## Dataset content

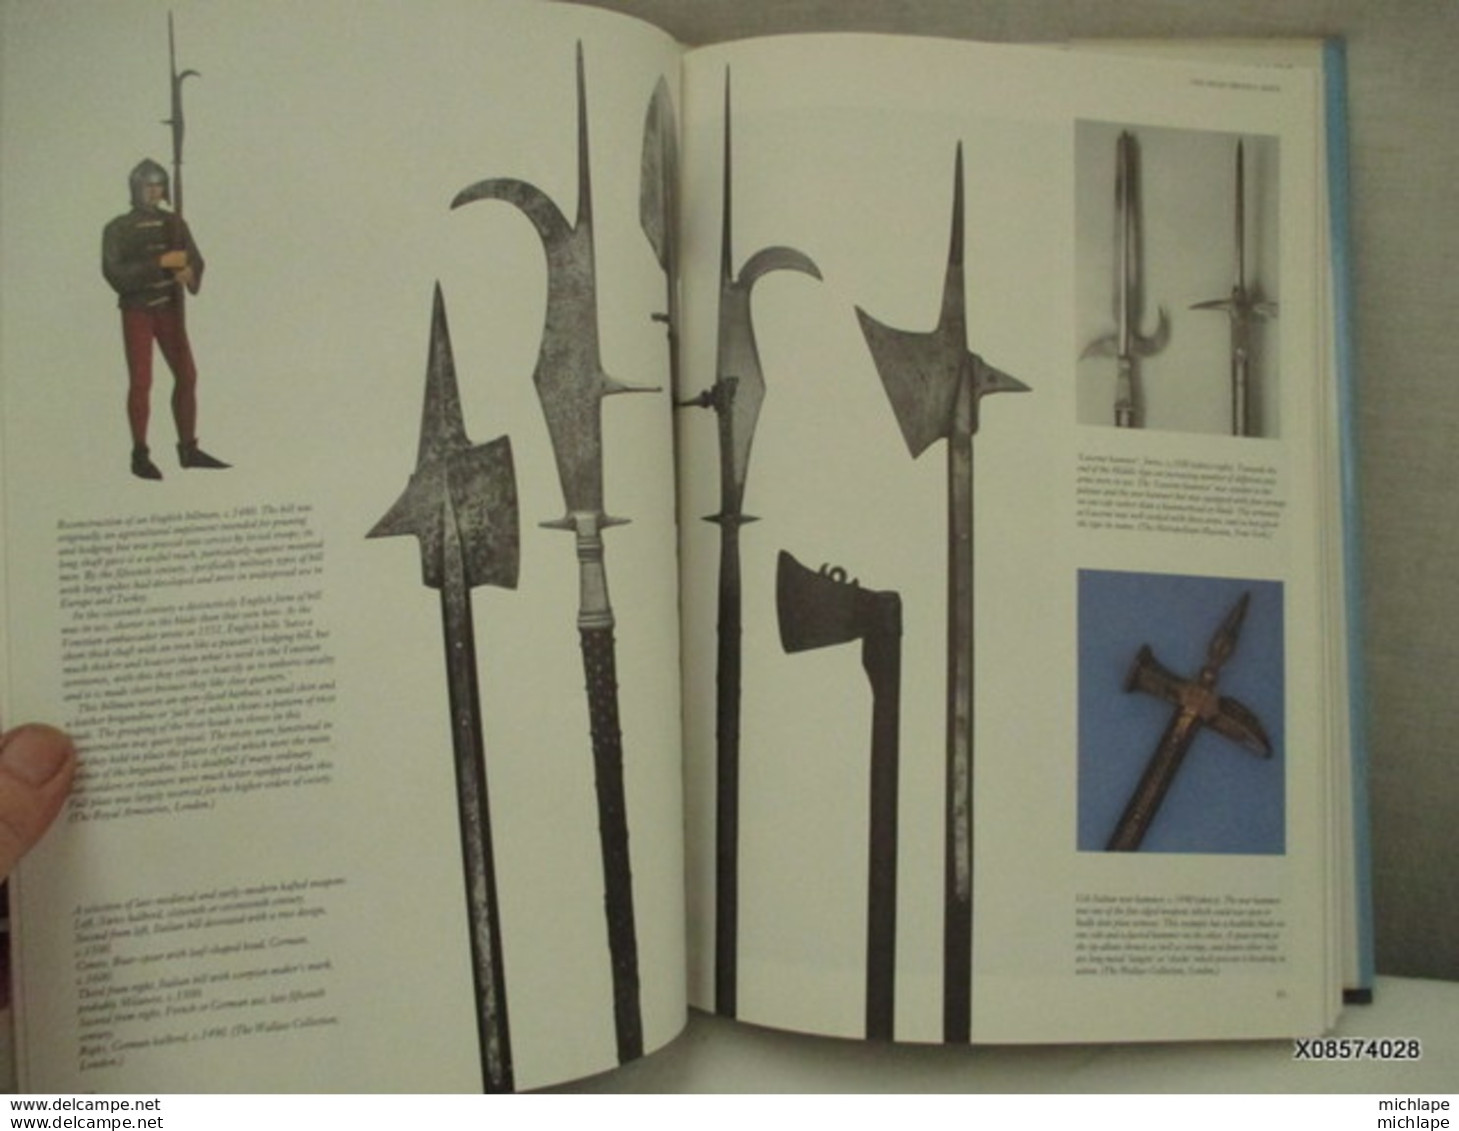 livre relié arms et armour format 24 cmX34 cm - 224 pages -1991- état neuf
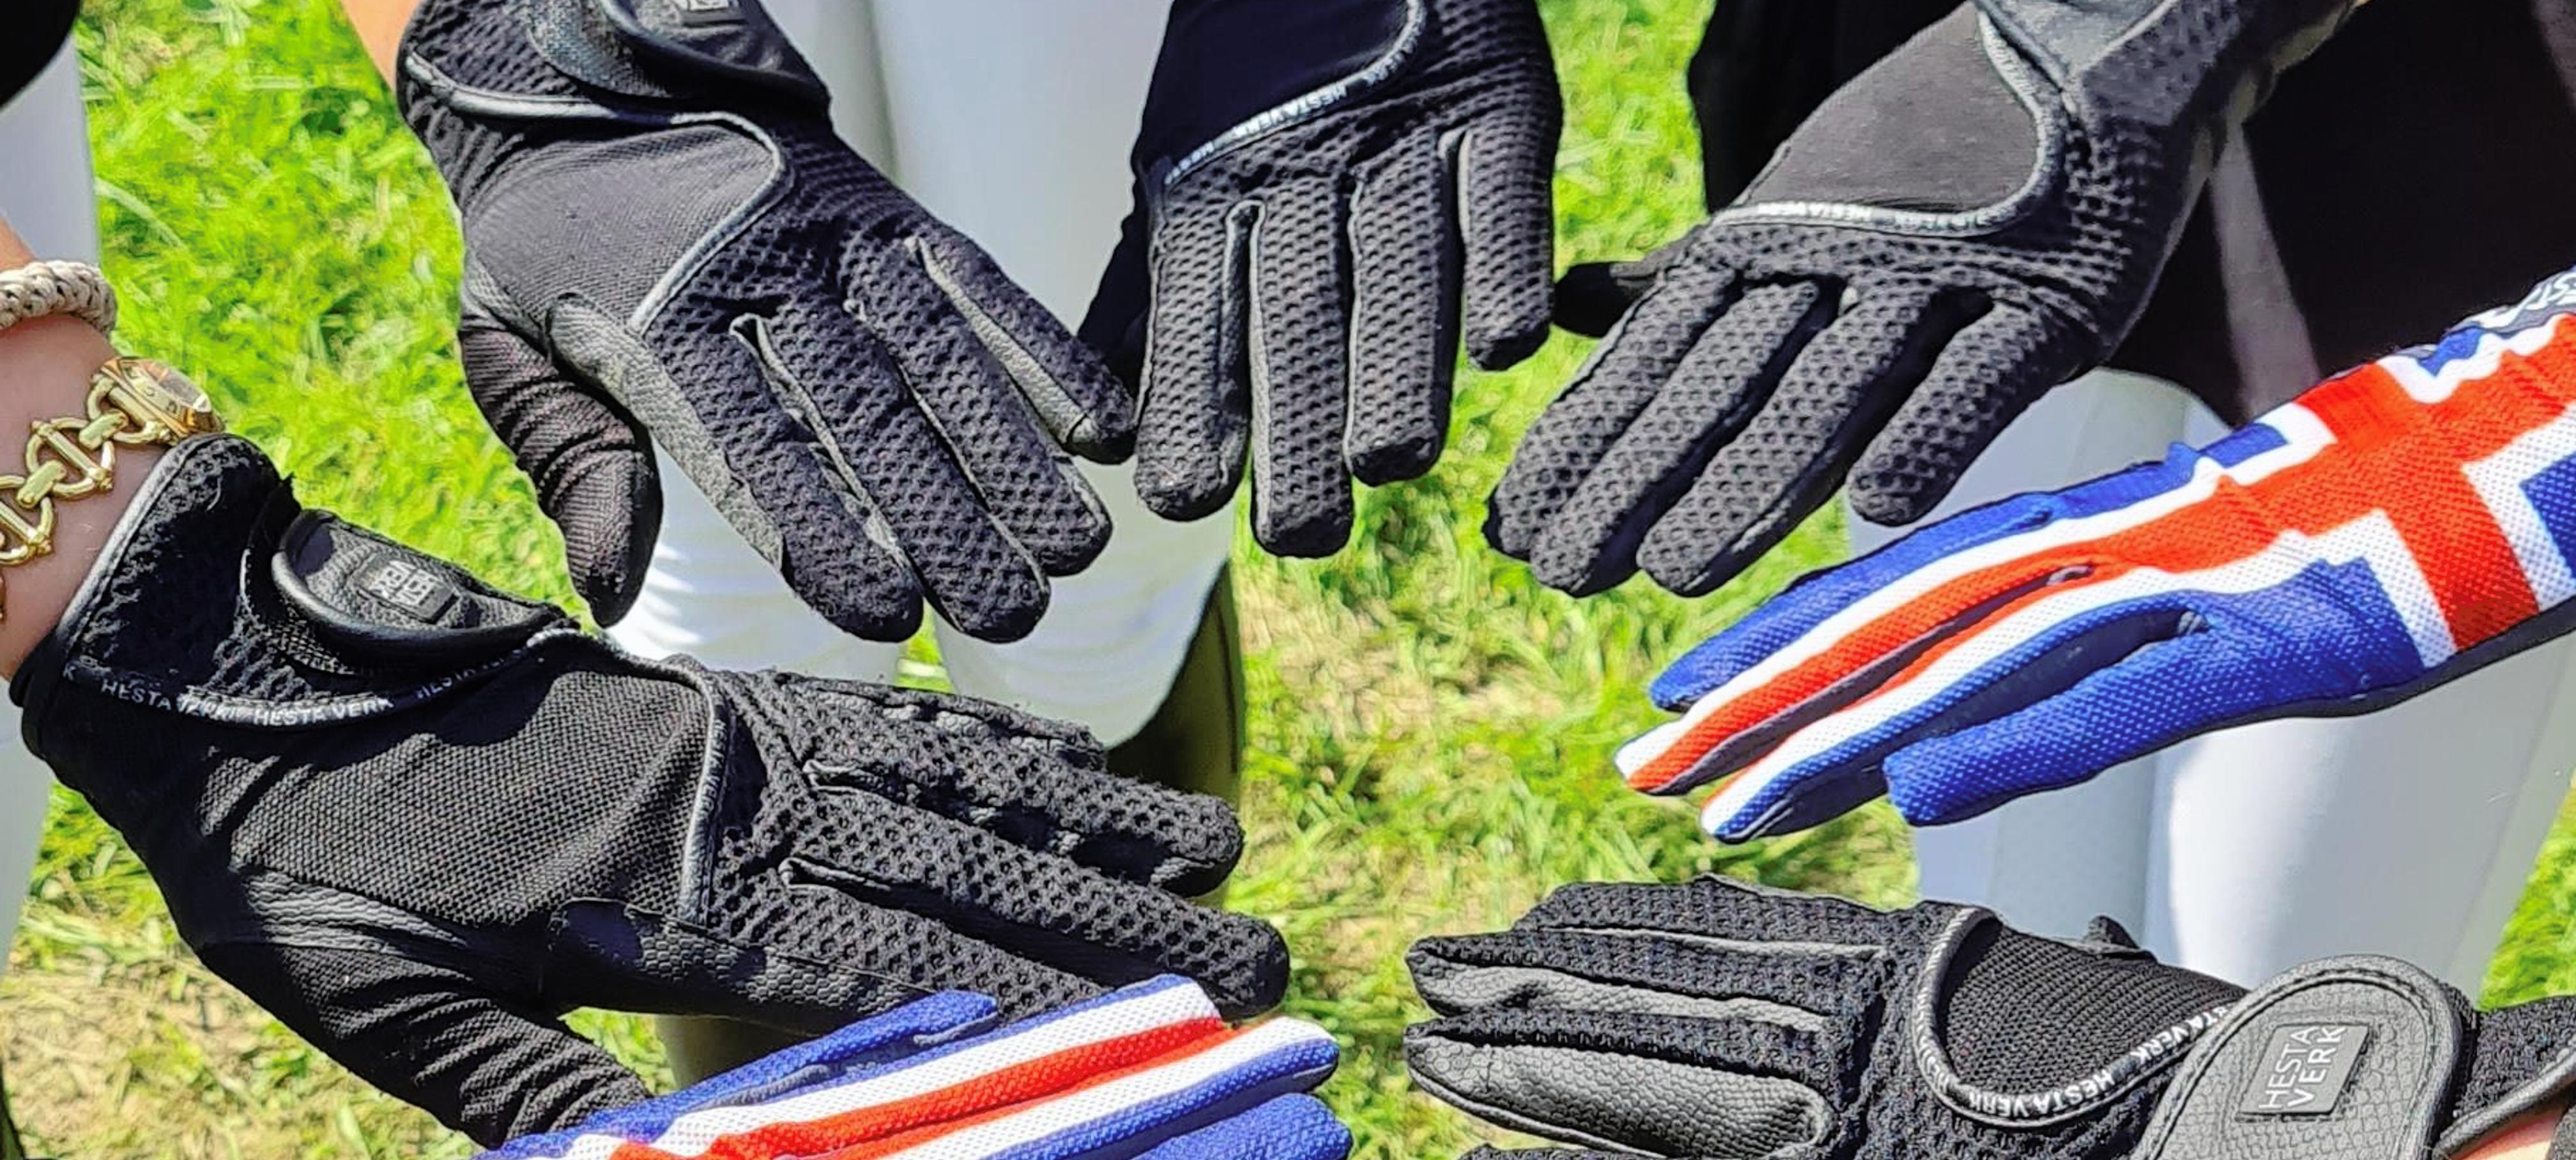 FK Sponsorenbild Handschuhe.jpg
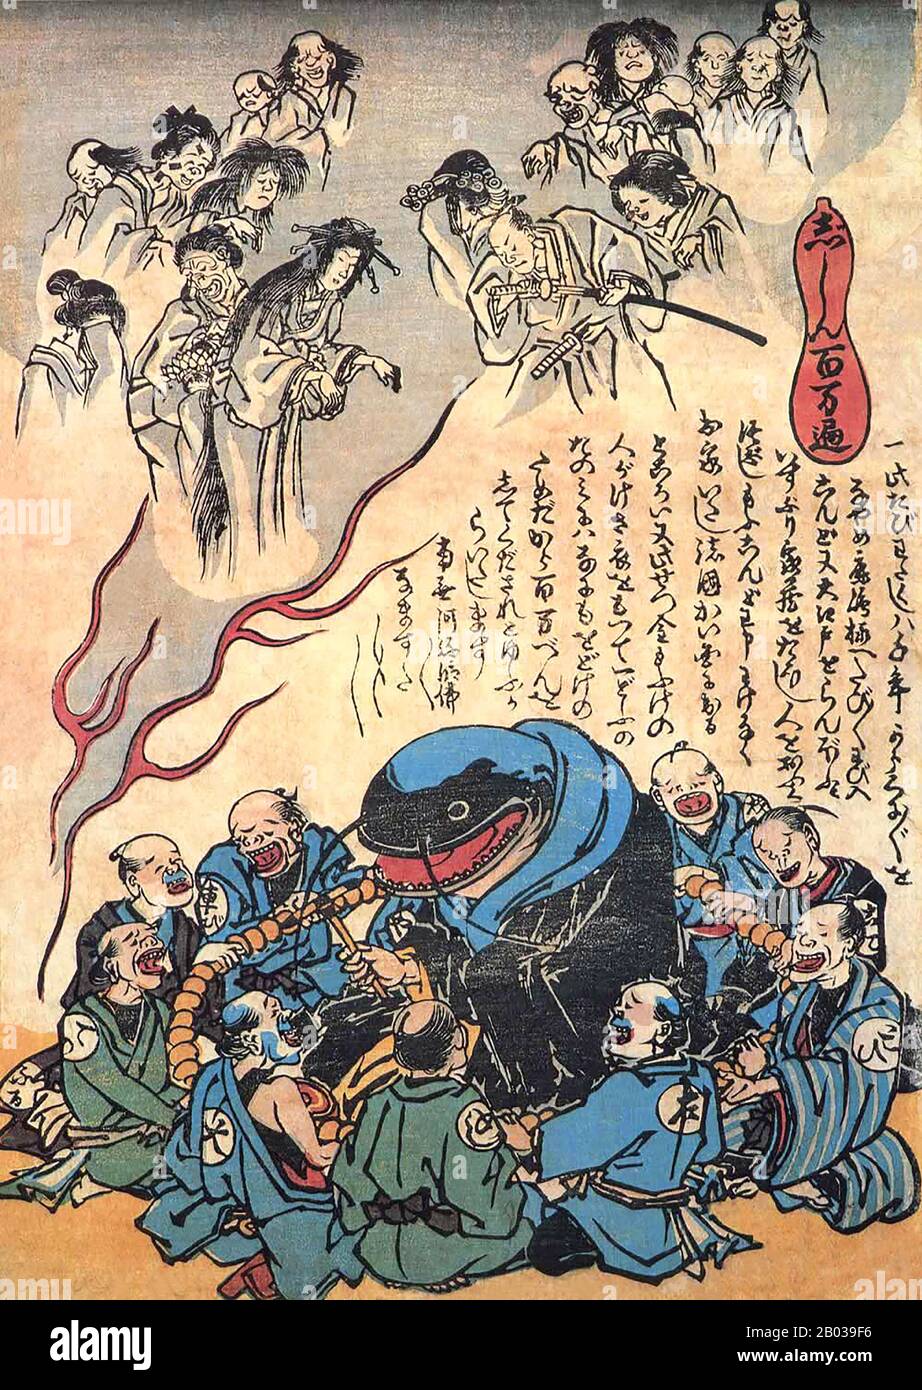 Il Namazu, chiamato anche l'Onamazu, è una creatura della mitologia giapponese e racconti. Il Namazu è un gigantesco pesce gatto che si dice causare terremoti e tremori. Vivendo nel fango sotto le isole giapponesi, il Namazu è custodito dal dio protettore Kashima, che trattiene il pesce gatto utilizzando la roccia kaname-ishi. Quando Kashima lascia giù la sua guardia, Namazu si spascia e provoca violenti terremoti. Il Namazu divenne famoso e popolare dopo i grandi terremoti di Ansei che accadde nei pressi di Edo nel 1855. Questo porta al Namazu essere adorato come un dio di rettificazione del mondo (yonaoshi daimy Foto Stock
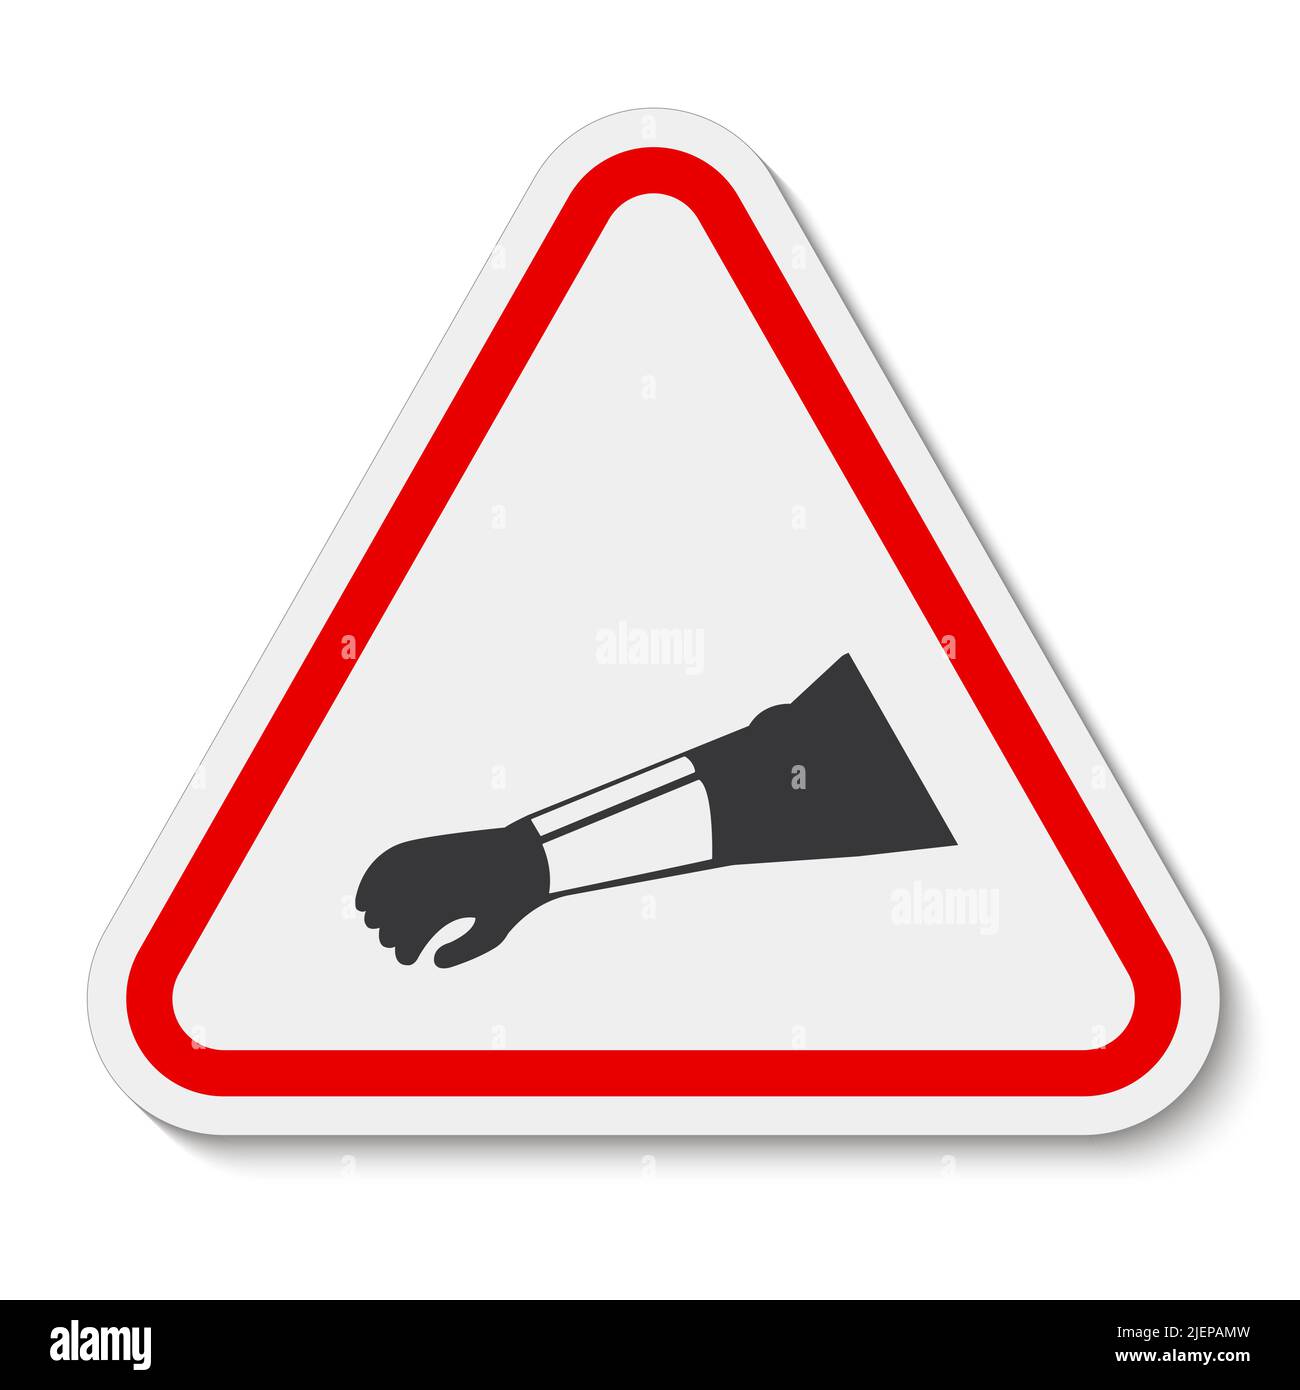 Symbol Verschleiß Arm Schutzschild isolieren auf weißem Hintergrund, Vektor-Illustration EPS.10 Stock Vektor

## Instructions to follow
Please transcribe the listing exactly as it stands, but omit its pictures.

## Exercise result
 livre relié arms et armour format 24 cmX34 cm - 224 pages -1991- état neuf
 FK Sponsorenbild Handschuhe.jpg
 Il Namazu, chiamato anche l'Onamazu, è una creatura della mitologia giapponese e racconti. Il Namazu è un gigantesco pesce gatto che si dice causare terremoti e tremori. Vivendo nel fango sotto le isole giapponesi, il Namazu è custodito dal dio protettore Kashima, che trattiene il pesce gatto utilizzando la roccia kaname-ishi. Quando Kashima lascia giù la sua guardia, Namazu si spascia e provoca violenti terremoti. Il Namazu divenne famoso e popolare dopo i grandi terremoti di Ansei che accadde nei pressi di Edo nel 1855. Questo porta al Namazu essere adorato come un dio di rettificazione del mondo (yonaoshi daimy Foto Stock
 Symbol Verschleiß Arm Schutzschild isolieren auf weißem Hintergrund, Vektor-Illustration EPS.10 Stock Vektor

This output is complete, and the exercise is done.